Chosen Kin: Making Our Loyalties
Chosen Kin: Making Our Loyalties
Miss Major, Mai’a Williams and Claricia Revlon engage in an exploratory conversation ranging over questions of revolutionary motherhood and queer kinship.
ReadHow can we envision and create communities anew, based on principles of love that knows the circumstantial power of sacrifice but is also resolute in its resistance to oppression…that respects individual autonomy whilst seeking to meet fuller collective needs? What can larger revolutionary movements learn from practices of motherhood? How do communities formed under the duress of violent othering and the joy of solidarity – such as ballroom culture, black diasporas, trans support and advocacy groups, zapatistas – reform bonds of kinship?
Mai’a Williams is a US based writer, poet and mother who has long term involvement in international solidarity movements, community organising and revolutionary journalism in Ecuador, Venezuela, Egypt, Palestine, the Democratic Republic of Congo and the Chiapas, Mexico. She initiated the Outlaw Midwives movement and has written extensively on revolutionary motherhood.
Miss Major is a renowned trans elder from the US, famous for her community organising; marked by her key role in the Transgender Gender Variant Intersex Justice Project, participation in the stonewall riots, defiance of the prison industrial complex and standing up for sex workers. “That’s how it started. Since no one was going to do it for us, we had to do it for ourselves.”

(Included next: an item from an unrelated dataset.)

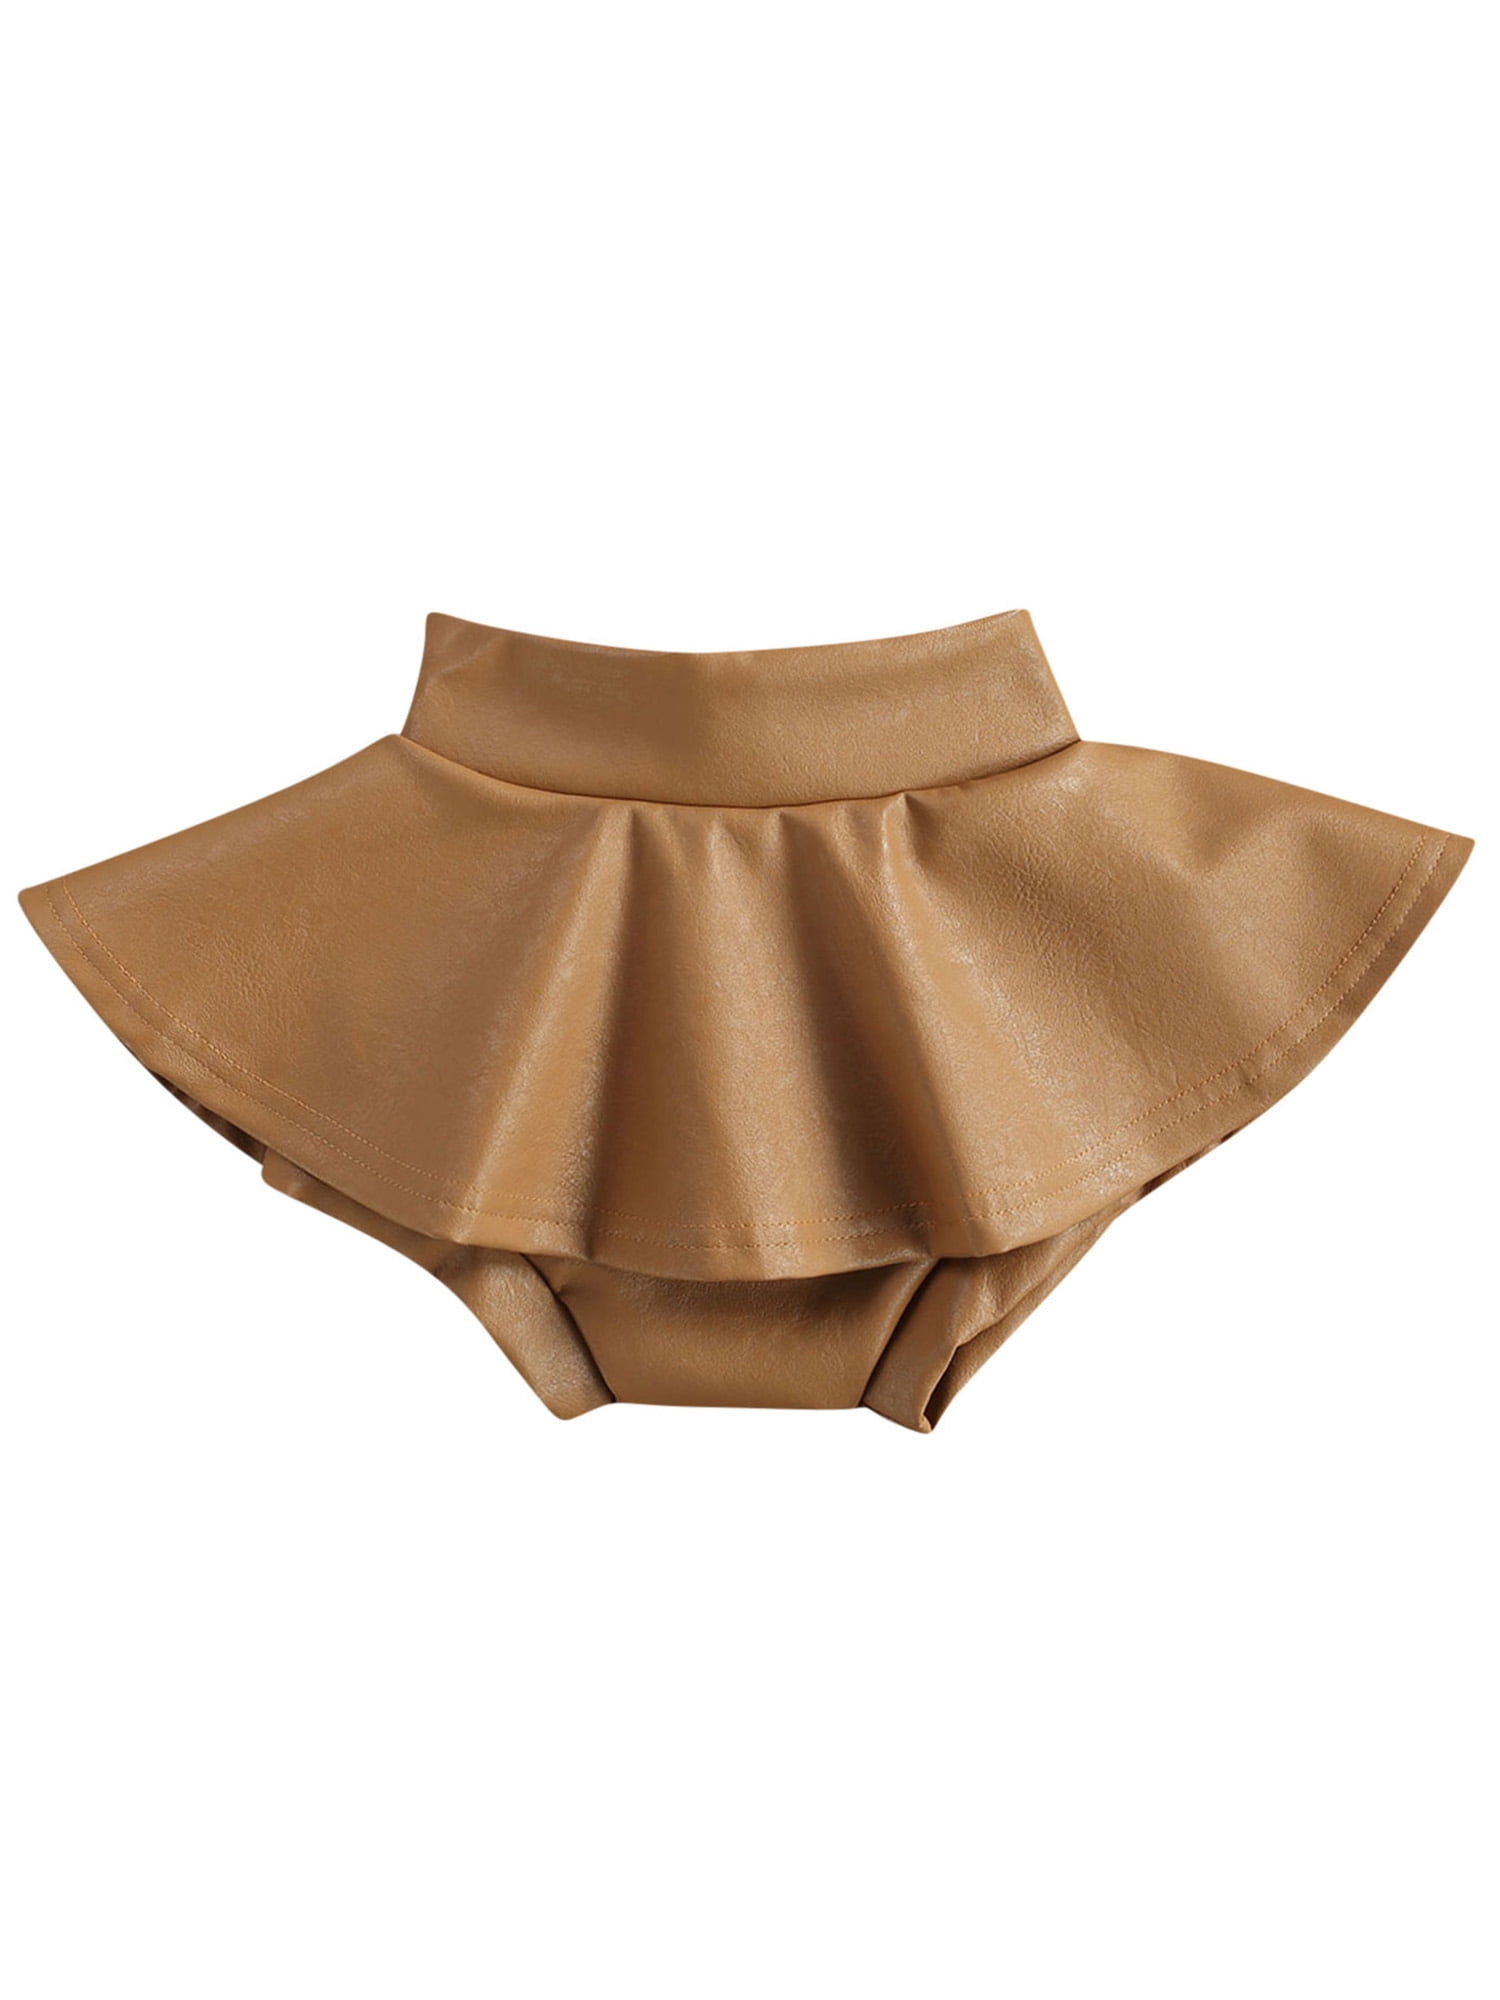 Baby Girls Infant Ruffled Bloomer PP Pants Skirt Diaper Cover Culotte Pant Skirt

Claricia Revlon is a performance artist, producer, and community organiser. They have a background facilitating within LGBTQ+ arts and youth projects, and are founding director of ID.Y CIC, a queer trans black and people of colour-focussed artist support cohort. They are co-founder, mother and lead organiser of Vogue Scotland platform initially founded by Mother Kehlani 007 (then Revlon) in 2016 supporting and connecting QTIPOC, trans and queer individuals with the underground ballroom community.